Dominican baseball player (born 1965)

Domingo Emilio Martínez Lafontaine (born August 4, 1965) is a Dominican former professional baseball player who played for the Toronto Blue Jays in the major leagues, and the Seibu Lions and Yomiuri Giants in Nippon Professional Baseball. He currently works as a scout for the Chunichi Dragons.

==Career==
Martínez was signed by the Toronto Blue Jays in 1984, and spent several years in the minors before making his major league debut in 1992. He played in seven games that year, and eight games in 1993, before being traded to the Chicago White Sox. However, he did not play in the major leagues again, and was eventually signed by the Seibu Lions in 1997.

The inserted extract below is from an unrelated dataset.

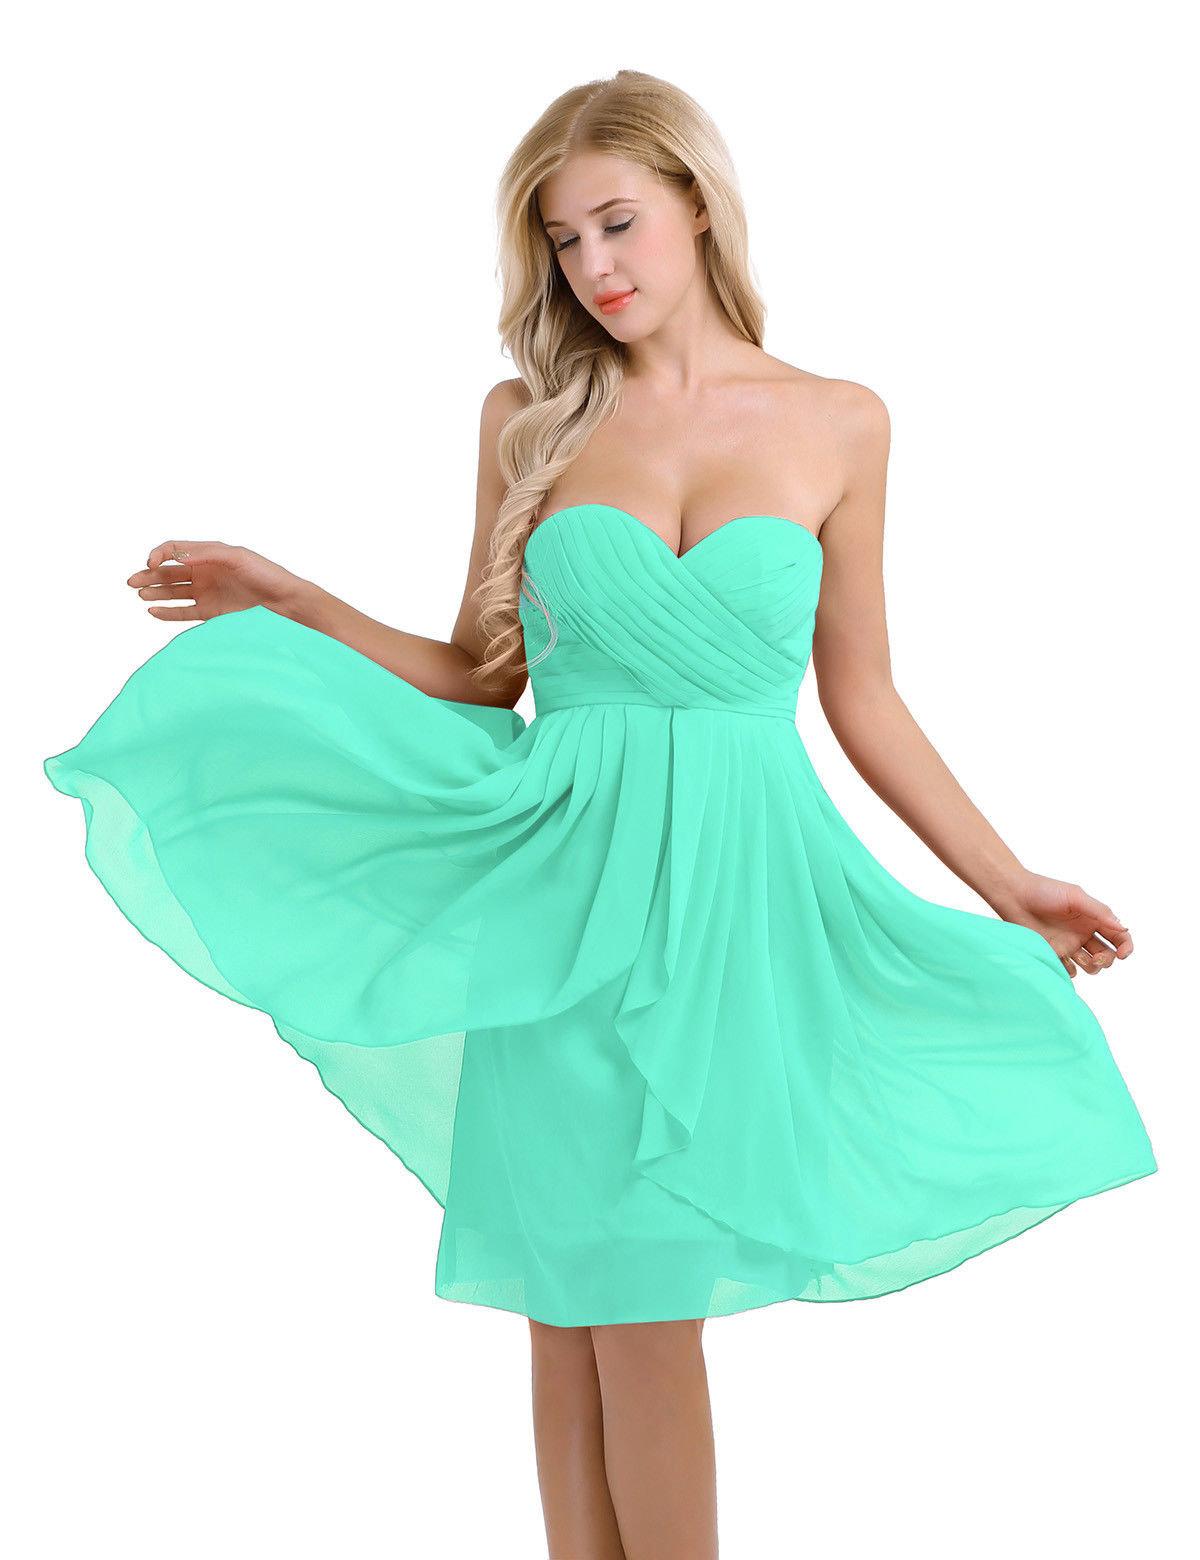 сервисе картинки красивые платья бирюзового цвета прислушалась воле родителей

He was expected to become the team's cleanup batter, replacing Kazuhiro Kiyohara, who had signed with the Yomiuri Giants. He went on to play the entire season as the team's designated hitter, batting .305 with 31 home runs and 108 RBIs. He was recognized for his standout hitting with a Best Nine award in 1997, and his round appearance made him a popular figure among fans, who gave him the nickname Maruchan. He continued his success the following year, hitting 30 homers and driving in 95 runs, but was not re-signed following the 1998 season. The Lions would miss Martínez's presence in the lineup in 1999, as the poor performances of his foreign replacements in Greg Blosser and Alan Zinter, and the team's overall lack of power, were significant factors in the Lions not winning their third straight Pacific League title.

Martínez spent the beginning of 1999 playing in the Mexican League, but was called back to Japan by the Yomiuri Giants, who signed him in June. Martínez was ineffective as a pinch-hitter, but contributed greatly after becoming the regular left fielder. He continued his hitting prowess by batting .324 with 16 homers and 56 RBIs, but his poor fielding often required a defensive substitution late in games. He also filled in at first base, his natural position, over the course of his three seasons with the Giants when Kazuhiro Kiyohara was injured.

He hit well again for the Giants in 2000, putting together a .288 average with 17 home runs and 64 RBIs. Injuries and weight problems relegated Martinez to a bench role in 2001, and he batted just .237 with 10 homers and 27 RBIs. Martinez retired after his contract expired at the end of 2001, and he later joined the Central League's Chunichi Dragons as a scout in 2006.